What is expected –
Your answer should be the exact lines of the data below from the one containing "Bagni D Autore" through the one containing "panel 232 shimmer echos purple tree"; please include nothing else.

Extracted data –
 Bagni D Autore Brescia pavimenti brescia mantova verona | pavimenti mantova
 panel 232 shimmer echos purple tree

...

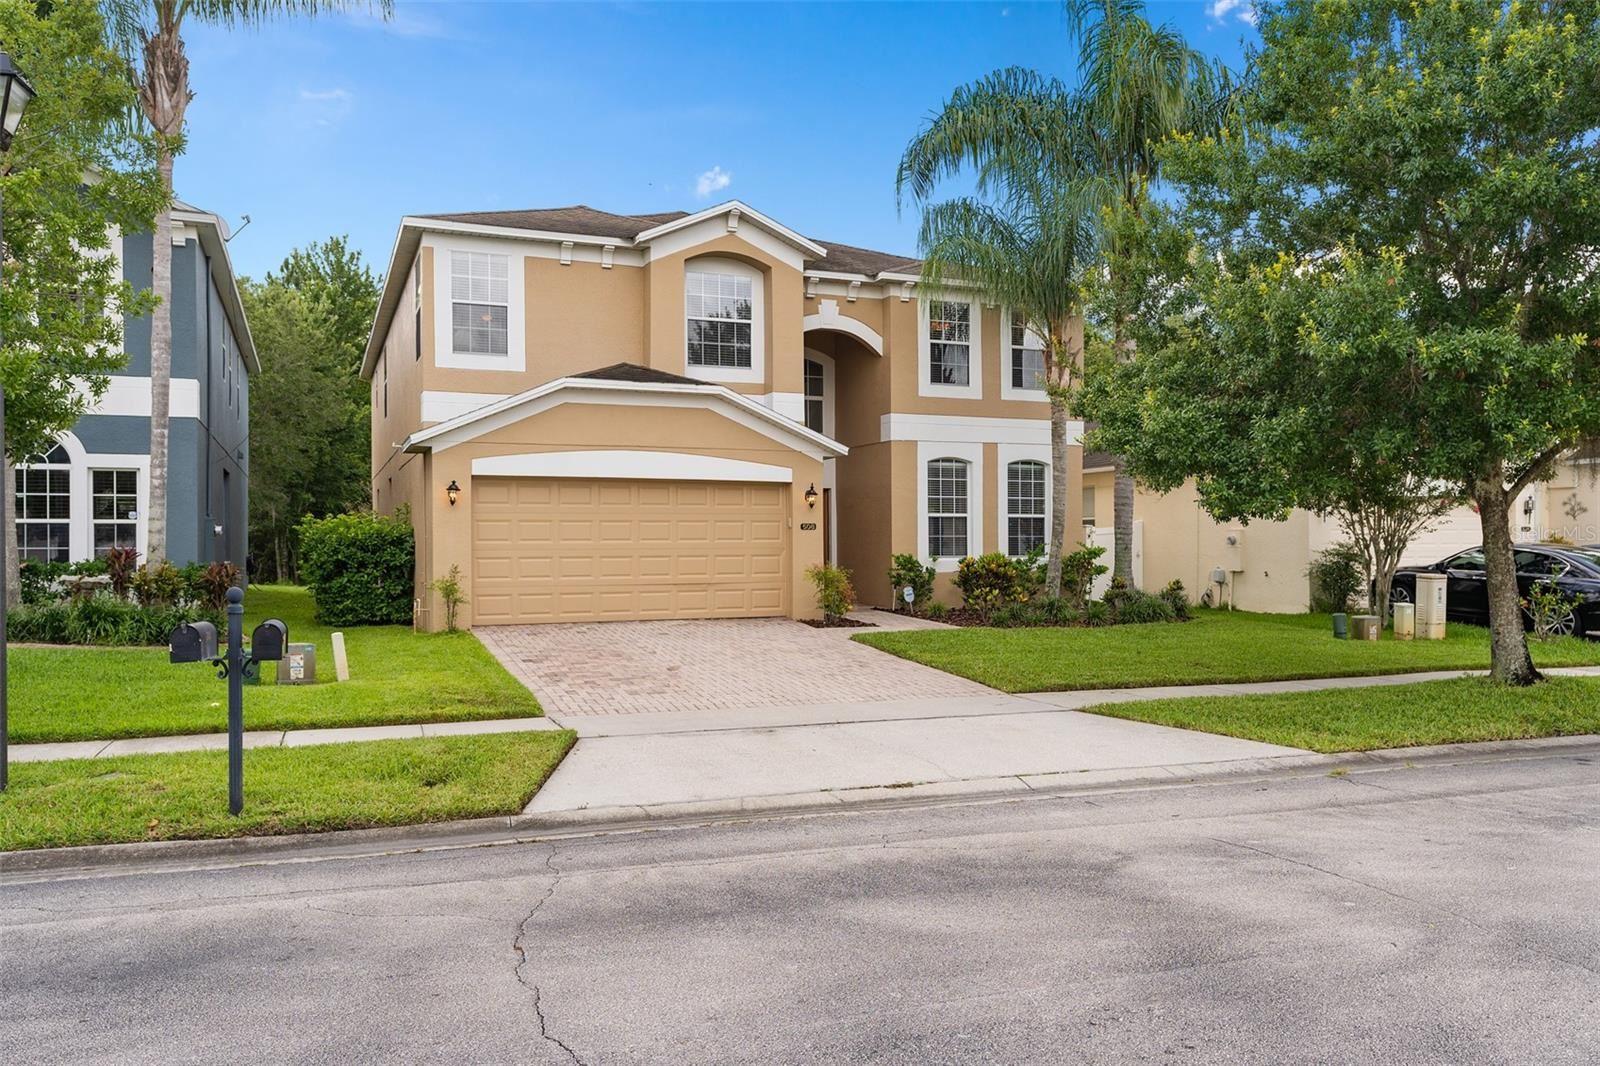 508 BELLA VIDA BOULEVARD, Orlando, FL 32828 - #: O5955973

Written solution –
 Bagni D Autore Brescia pavimenti brescia mantova verona | pavimenti mantova
 panel 232 shimmer echos purple tree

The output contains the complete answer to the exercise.